KaranKaran Posts: 21 XPRIZE
edited May 2020 in Prize Design
A recent study demonstrated the use of passively sensed Twitter data to better understand the mental health related expressions of women in diverse cultural contexts.
  • What data sources could we draw upon (from EHR to Social Media data) to better understand the mental health of a population?
  • Who owns this data?
  • How can it be accessed?

Comments

  • ingmarweberingmarweber Posts: 7 ✭✭
    I'm flagging other work by Munmun De Choudhury (https://scholar.google.com/citations?user=Z9Pfp6UAAAAJ) and will invite her to this forum. She's one of the authors on the study you mentioned and an expert in this topic.
  • ShashiShashi Posts: 596 admin
    Thanks @ingmarweber for sharing this insightful resource and also highly appreciate your help in Inviting Munmun De Choudhury.

    @farah, @Fatima, @qlong, @kalorenz, @lorenznoe - You might have answers to some of Karan's question. Please share your thoughts. Thanks.
  • sadiewsadiew Posts: 3
    @Karan There are some studies that have used your phone to track how much you move around, text, go outside, etc and correlated this with changes in depression or other mental health changes.
  • boblf029boblf029 Posts: 35 ✭✭
    I still think that the best way to get data is through action projects. I suggested in a new discussion I started a few days ago that we could train retirees to be guidance counselors in the high schools of the USA and they would help students with the arduous and somewhat intimidating process of applying to college or any other post secondary schools. The USA needs a huge number of these guidance counselors. The professional association of guidance counselors says we have half of the number needed. Doubling the current number would yield a ratio of about 1:250. But an independent education consultant I respect thinks that a ratio of one counselor to fifty-five students is about right to do a proper job of counseling. You can pick up a lot of mental health info if yo are doing this kind of counseling! Some of it is simply visual. A smart counselor can sense problems such as abuse of the student by intimates or fellow students etc.
    I have to say regrettably no one seemed interested so far in my idea. It was offered to the Future of Work discussion because I have a very different point of view on what are the priorities there than XPRIZE has. The latter sees the future of work initiative as helping young people from working class backgrounds who are lacking in skills and education. I see the future of work initiative as spending its money more wisely by taking a group of smart under utilized older people and using them after suitable training to help our young people prepare for the high tech world of tomorrow. I know I am correct about the need. I just finished a book length monograph already sold to a respectable academic publisher on how to solve the student loan debt crisis in America and Ipresented my idea there. I am sure it makes sense in many other societies that have educated people who are stitll vigorous and interested in keeping busy while making a good living into their eighties and even beyond.
  • ShashiShashi Posts: 596 admin
    Thanks @sadiew and @boblf029 for sharing your perspective.
    @sadiew - Is it possible for you to share links of the studies you mentioned? It would be helpful to go through it. Thanks.
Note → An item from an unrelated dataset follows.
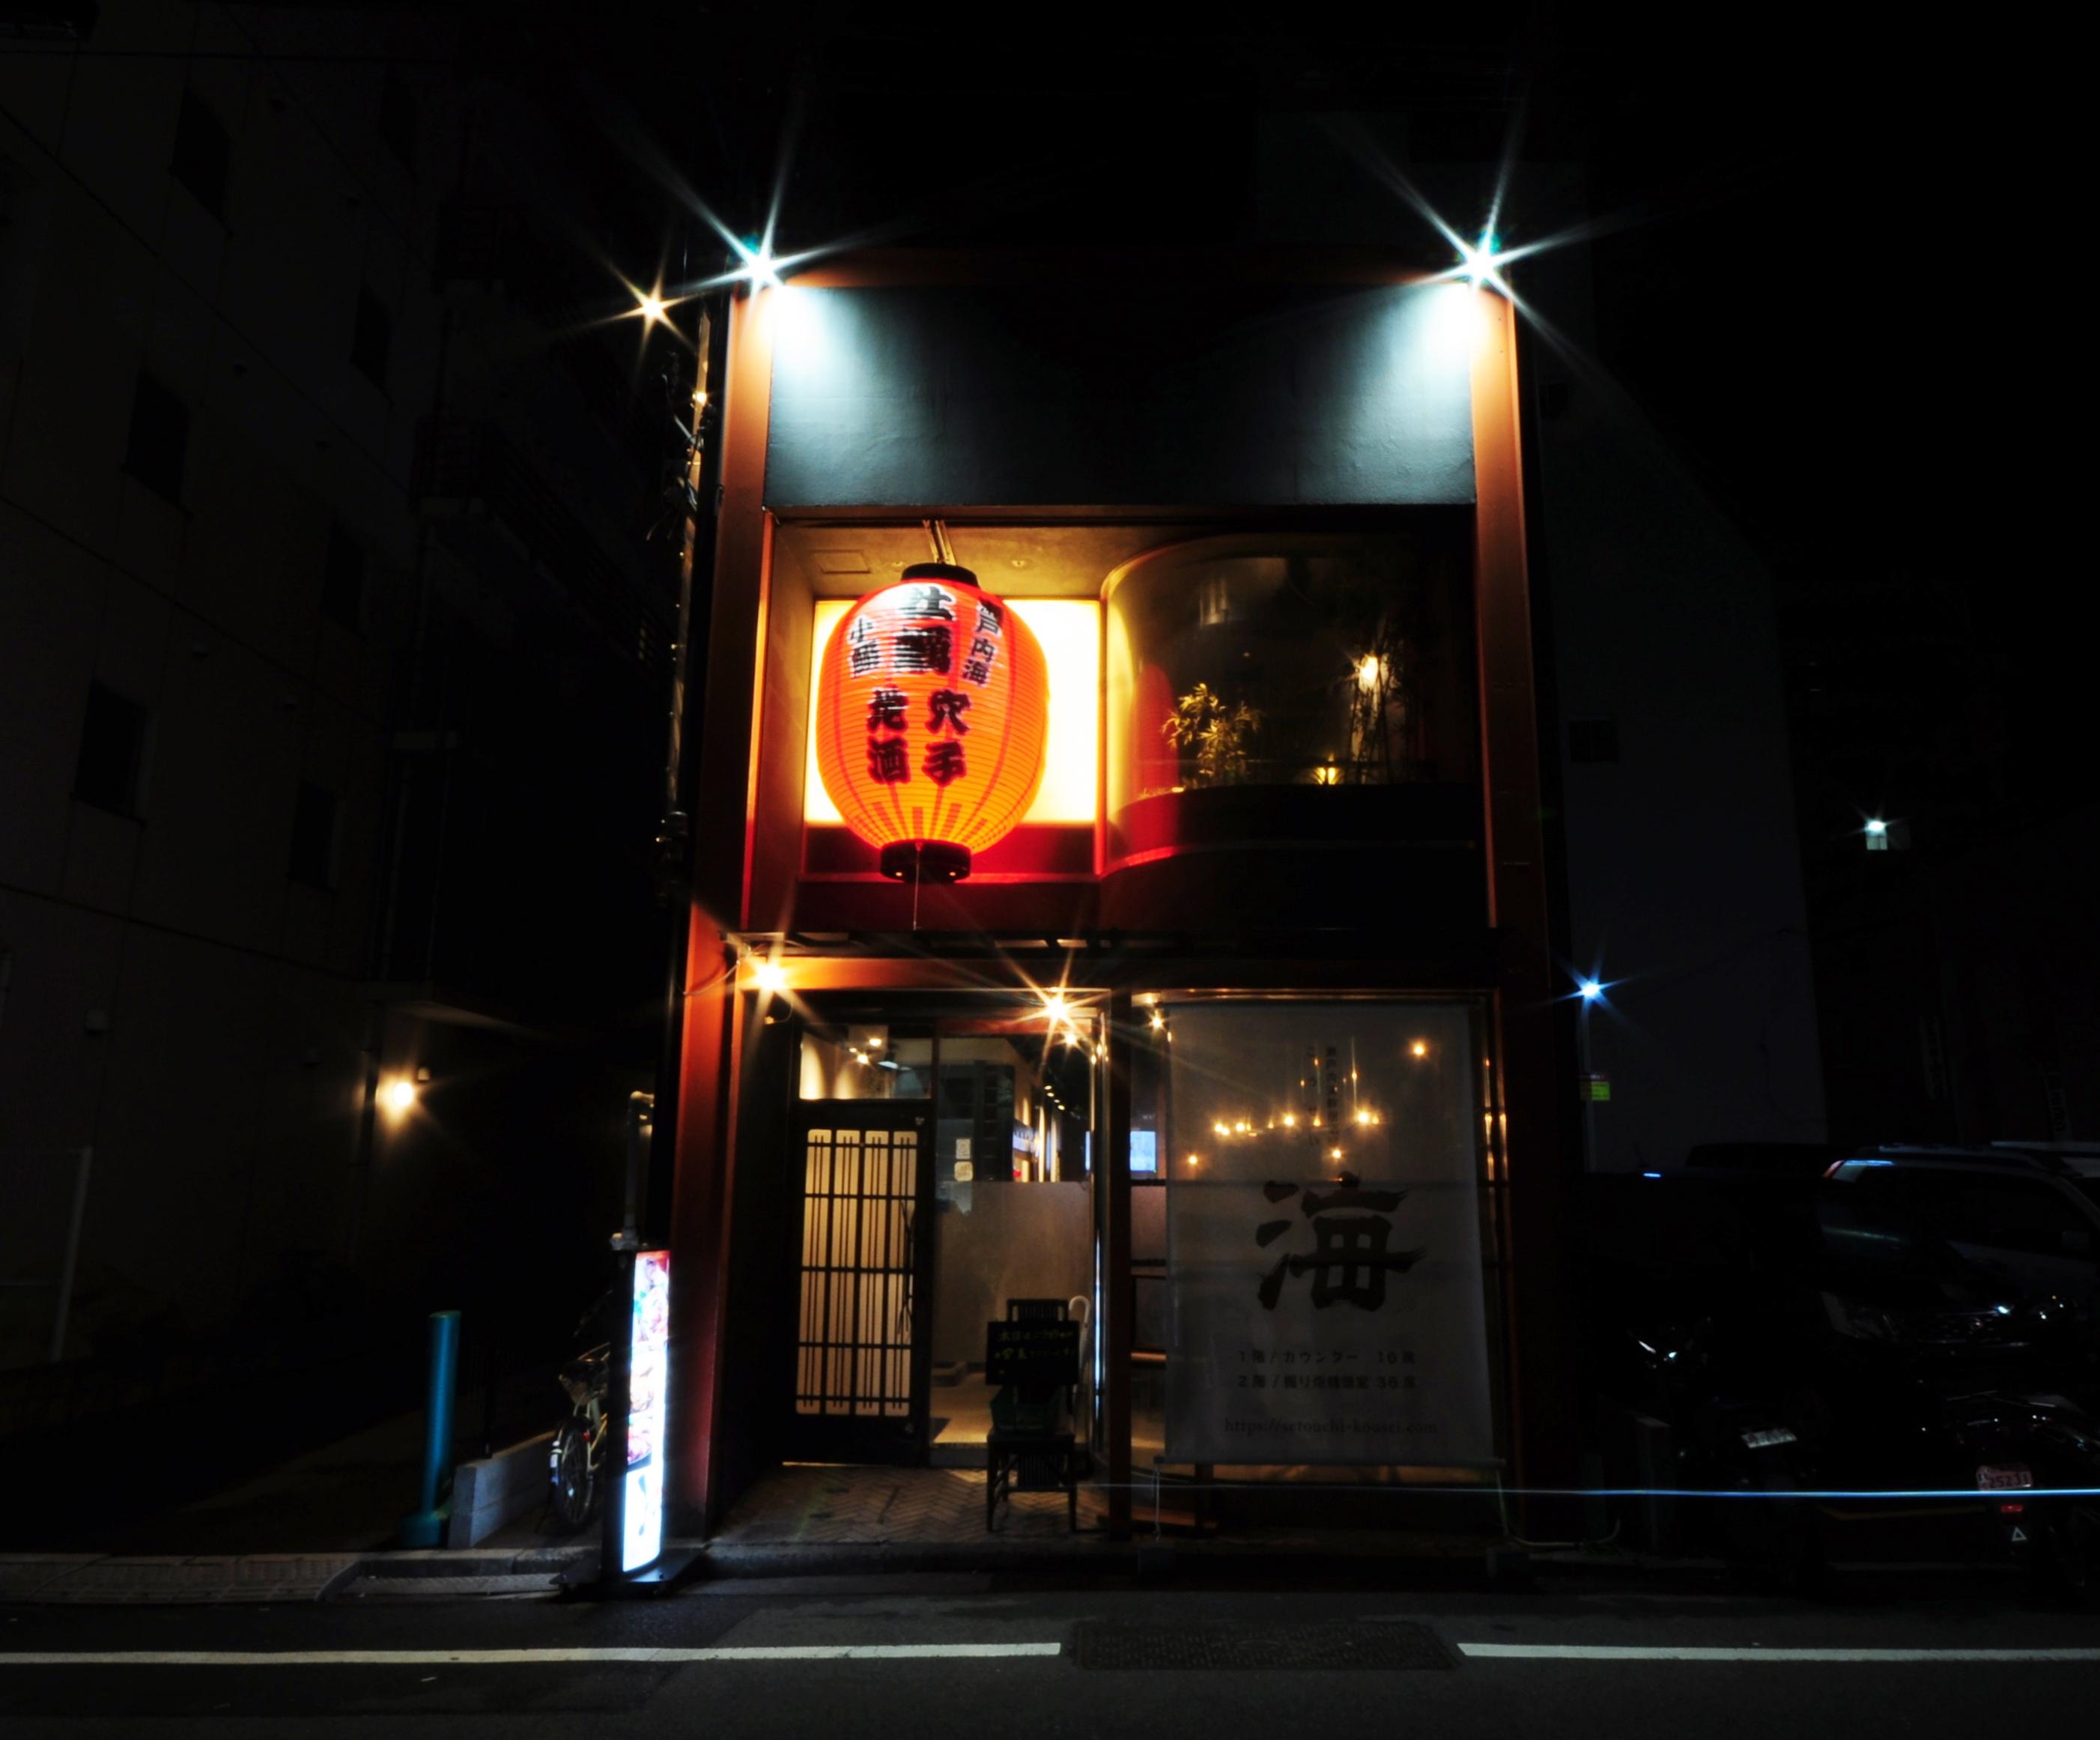 瀬戸内海鮮居酒屋 こうせいのイメージ写真
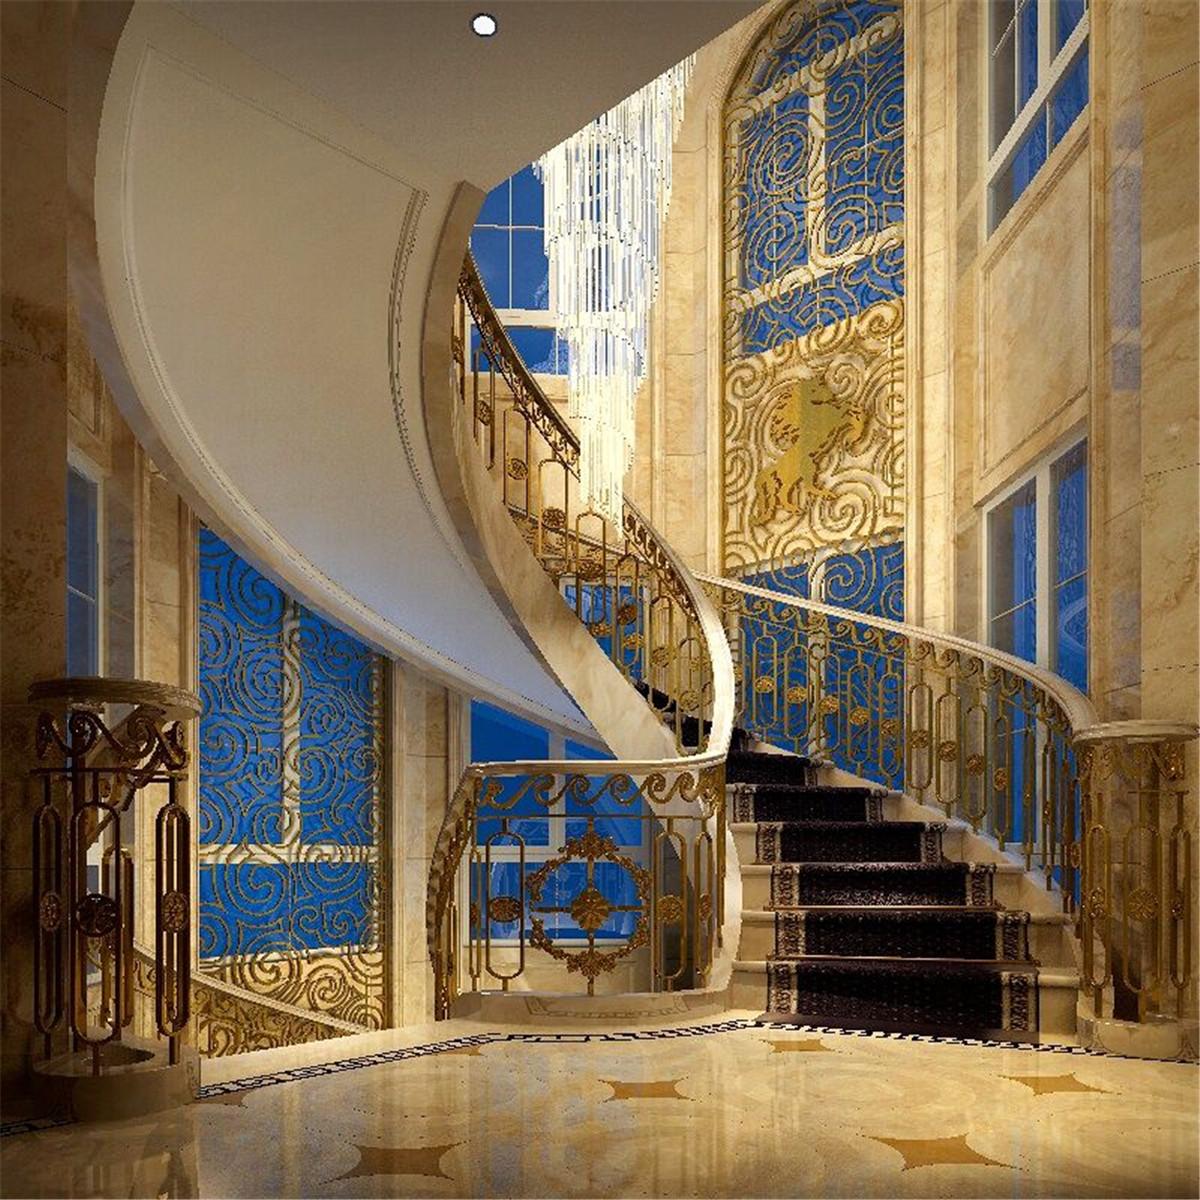 阳光乾城苑 装修设计 欧式古典 腾龙设计 楼梯图片来自室内设计师孔继民在阳光乾城苑别墅装修新古典设计的分享

    Hello @sarahb, @KarenBett, @stephaniel, @sarahkhenry, @WD_Research and @areff2000 - any suggestions on data sources to draw upon to better understand mental health.
  • WD_ResearchWD_Research Posts: 7 ✭✭
    Not as familiar with what types of data collection methods for mental health already exist, but an idea: The 'sisterhood method' for maternal mortality data collection, where by interviewing individuals about their sisters maternal experiences you can reduce sample sizes, was a breakthrough in terms of collected maternal mortality data given the various issues with data collection. I can imagine, if it doesn't exist already, creating a new methodology that leverages peer relationships to collect mental health data (rather than formal entities with some sort of triangulation of data if possible) could possible help and be a new source of indirect mental health data from the population. Factors such as the role of stigma and how accurate peer information is would have to be considered of course.

    Social media and mobile data is very interesting, but any solution that involves it must take into account the populations who are less likely to have social media/mobile phones. In particular, girls and women have less access to digital platforms and when they do, more often borrow or share phones and hence data related to movement for example may not be accurate.
  • boblf029boblf029 Posts: 35 ✭✭
    I completely agree with WD Research. The suggestion about the sisterhood method could be valuable. But wouldn't it be better if we could do that interviewing as part of a program of providing counseling on educational opportunities for women beyond high school? And that is exactly what my proposal of training older retirees to be counselors in high school is going to do. Thank you WD Research.
  • ShashiShashi Posts: 596 admin
    Thanks @WD_Research for sharing sisterhood method of data collection. We would take a note of it as we research further on the prize direction.
    Thanks @boblf029 on sharing your perspective.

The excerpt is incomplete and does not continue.